# Any 7 string jazz fusion players here?



## Scrap (Apr 11, 2015)

Just wondered if there are any 7 string jazz fusion players here?

If so which guitars are you using and how are you finding utilising the 7th string in your playing and compositions with chord voicing, comping and lead playing?

Have you had to change pickups in order to coax sweet, warm, silky, jazzy fusion tones from what are often harsh metal axes?


----------



## Jazz7String (Apr 12, 2015)

I use 7 strings for most of my jazz gigs. I do a 7 string duo with a friend who uses a Benedetto 7 string. I have a Forshage archtop 7 with a floating Kent Armstrong pickup, a Forshage single cut hollow body 7 with BK VH2's, and a Forshage Orion 7 with Dimarzio pickups. They all work well in the jazz world. 

I primarily use the low A string for walking bass lines. It really opens everything up in a duo setting. 

Steve


----------



## CircuitalPlacidity (Apr 12, 2015)

I try to play fusion. I'm not quite there yet. I use a custom 7 I had made by Adam at Elysian guitars and a Raines custom master 7. As far as comping on the 7 one thing that I really like is if you look at your chords based on the E string you've got the 5th of the chord right below it and your #5/b6 and #4/b5 right next to it. You can play with inversions on alt doms, etc, and come up with some nice chromatic (or not) root motion.

Also, for some reason, moving to the 7 allowed me to see my intervals and everything much more clearly on the board. Dunno why. Weird.


----------



## Scrap (Apr 13, 2015)

Thanks guys.. I noticed these are both jazz guitars, I was wondering if any one is using the more modern/speed/metal type 7 string guitars for jazz/fusion.


----------



## celticelk (Apr 13, 2015)

Jazz7String said:


> I use 7 strings for most of my jazz gigs. I do a 7 string duo with a friend who uses a Benedetto 7 string. I have a Forshage archtop 7 with a floating Kent Armstrong pickup, a Forshage single cut hollow body 7 with BK VH2's, and a Forshage Orion 7 with Dimarzio pickups. They all work well in the jazz world.
> 
> I primarily use the low A string for walking bass lines. It really opens everything up in a duo setting.
> 
> Steve



Need pics. Seriously, this place needs more Forshage love.


----------



## CircuitalPlacidity (Apr 13, 2015)

The other custom 7 I had mentioned is definitely more than capable as a metal guitar. Headless, fanned fret, blackwater neomodern and neovintage pickups, etc. Sounds brutal, but the neck pickup (neovintage) makes it sound very jazzy if that's the tone in looking for. Quite a versatile guitar.


----------



## Scrap (Apr 13, 2015)

CircuitalPlacidity said:


> The other custom 7 I had mentioned is definitely more than capable as a metal guitar. Headless, fanned fret, blackwater neomodern and neovintage pickups, etc. Sounds brutal, but the neck pickup (neovintage) makes it sound very jazzy if that's the tone in looking for. Quite a versatile guitar.



Do you have any pics?


----------



## CircuitalPlacidity (Apr 18, 2015)

BTW, made by Adam at Elysian Guitars. I'll get pics posted in a bit.


----------



## Scrap (Apr 18, 2015)

CircuitalPlacidity said:


> BTW, made by Adam at Elysian Guitars. I'll get pics posted in a bit.

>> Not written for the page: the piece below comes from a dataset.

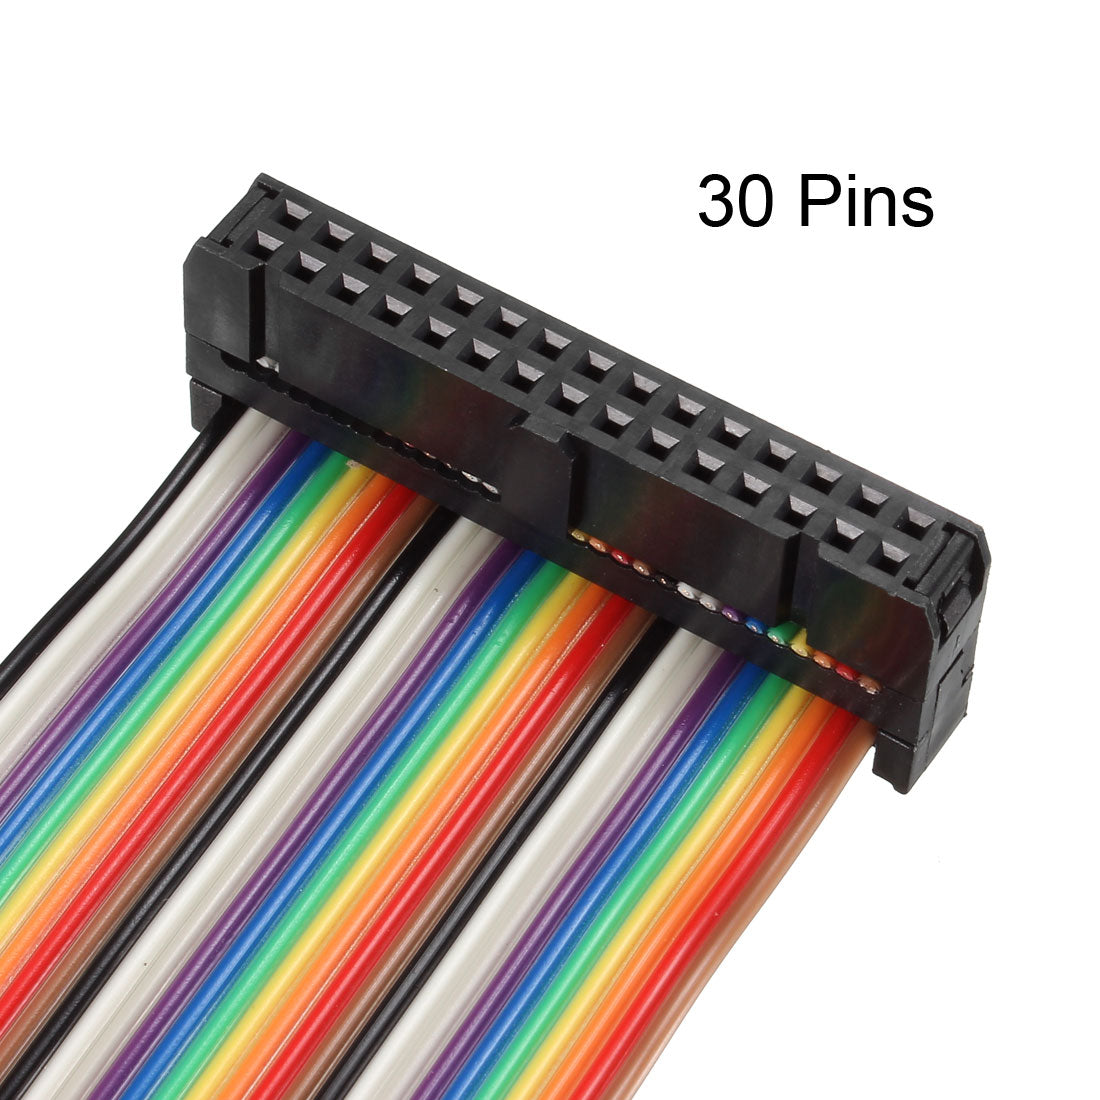 uxcell Uxcell IDC Rainbow Wire Flat Ribbon Cable 30P A-type FC/FC Connector 2.54mm Pitch 1m/39.3inch Length

Just took a a quick look at the Elysian Guitars site.. there's not a lot to see and even less to hear but the little clip on the pickups the guy makes sounds very intriguing..

You axe looks amazing!!! What effect do the fanned frets have? Would love to hear it.


----------



## Scrap (Apr 18, 2015)

Here's the pickup.. 

https://soundcloud.com/adambath/sets/elysian-tuned-aperture-pickups-demo-clip-performed-by-alex-myla

.. and clean

https://soundcloud.com/adambath/elysian-guitars-pickups-dee-road-to-nowhere-demo

Sadly development will not go any further for the moment.

https://www.kickstarter.com/projects/165799071/elysian-tuned-aperture-pickups-for-electric-guitar


----------



## forshagesan (Apr 29, 2015)

Forshage love? Here's Jazz7string's hollow 7 before he changed the pickups:




More pics:
Steve Davis First Hollow 7 Photos by chrisforshage | Photobucket
I stand behind the pickup swap 100% the VHII's rule!
Here's his archtop:




More pics:
Steve Davis Archtop 7 Photos by chrisforshage | Photobucket
and his ergo:


----------



## Scrap (Apr 29, 2015)

Interesting looking machines..


----------